CBOs — community based organizations — are fascinating organizations and ones from which every nonprofit can learn a valuable lesson: the more time you spend in the street, the bigger your impression and your impact. Many provide outreach programs and direct services outside of their home base; you can find CBO program sites in church basements housing facilities and even storefronts.
A CEO of a community-based organization with several community locations in New York City once told me: “We are a retail business and the more touch we have with the community, the better we do.” I love the analogy: in retail, if you have market presence, you will thrive. Leave yourself in the corner of a strip mall and you will wither on the vine. So, to wit, good retailers operate on the premise of location, location, location. Not only do you invite customer touch but the more visible your brand, the more investment you will attract.

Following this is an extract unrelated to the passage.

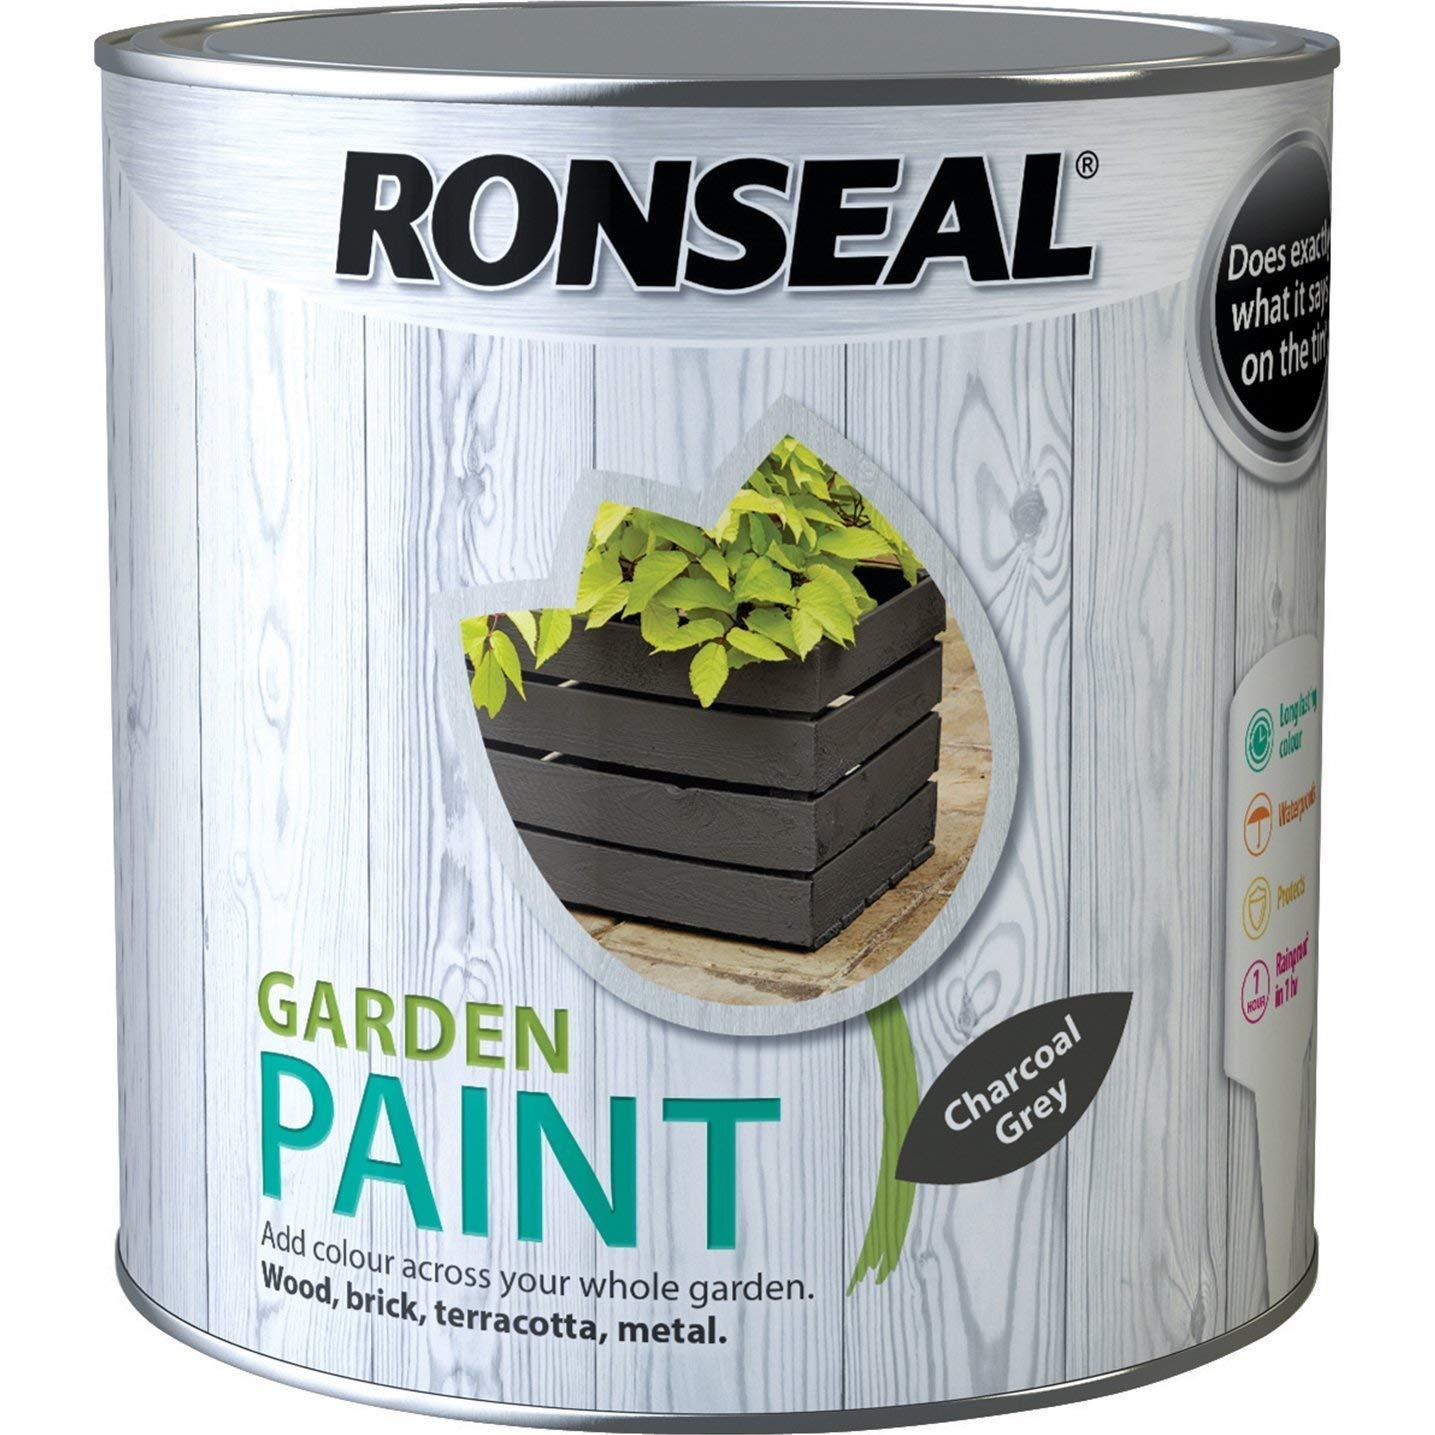 Ronseal Garden Paint 2.5l, Charcoal Grey

So, if your organization t operates multiple program sites, how can you build a bigger footprint? At a first glance, many organizations offer multiple services in multiple locations. And many fall into the “trap” of looking at each location is unique rather than as a part of a bigger story. In many instances, I have spent time with clients drawing comparisons between programs to identify a bigger footprint to present to a grantmaker.
- Tutorial programs at 3 satellite locations becomes a single program with common goals and objectives replicated in three places.
- Education programs in eight schools are now described as elements of a unified education initiative based on nonprofit/school partnerships with the ultimate goal of moving high school students into college
And building a bigger footprint is not just about changing perceptions. As you recast and re-frame the program in your proposals, sometimes the organizational strategy begins to shift. In the case of the second program above, as a result of re-imagining their education work as falling under one umbrella, the organization is now reaching into new communities, building new partnerships, reaching even more students. This bigger footprint has provided stronger results and is opening up new opportunities — which both combine to create interest among larger foundations and excitement from existing donors.
In these cases and many others, a smaller organization that has a good reputation, solid community connections and a firm toehold in the community has a fine opportunity to present a bigger footprint. So fine, in fact, that the footprint doesn’t necessarily have to be built. The imprint is there; you just need to fill the space between the lines.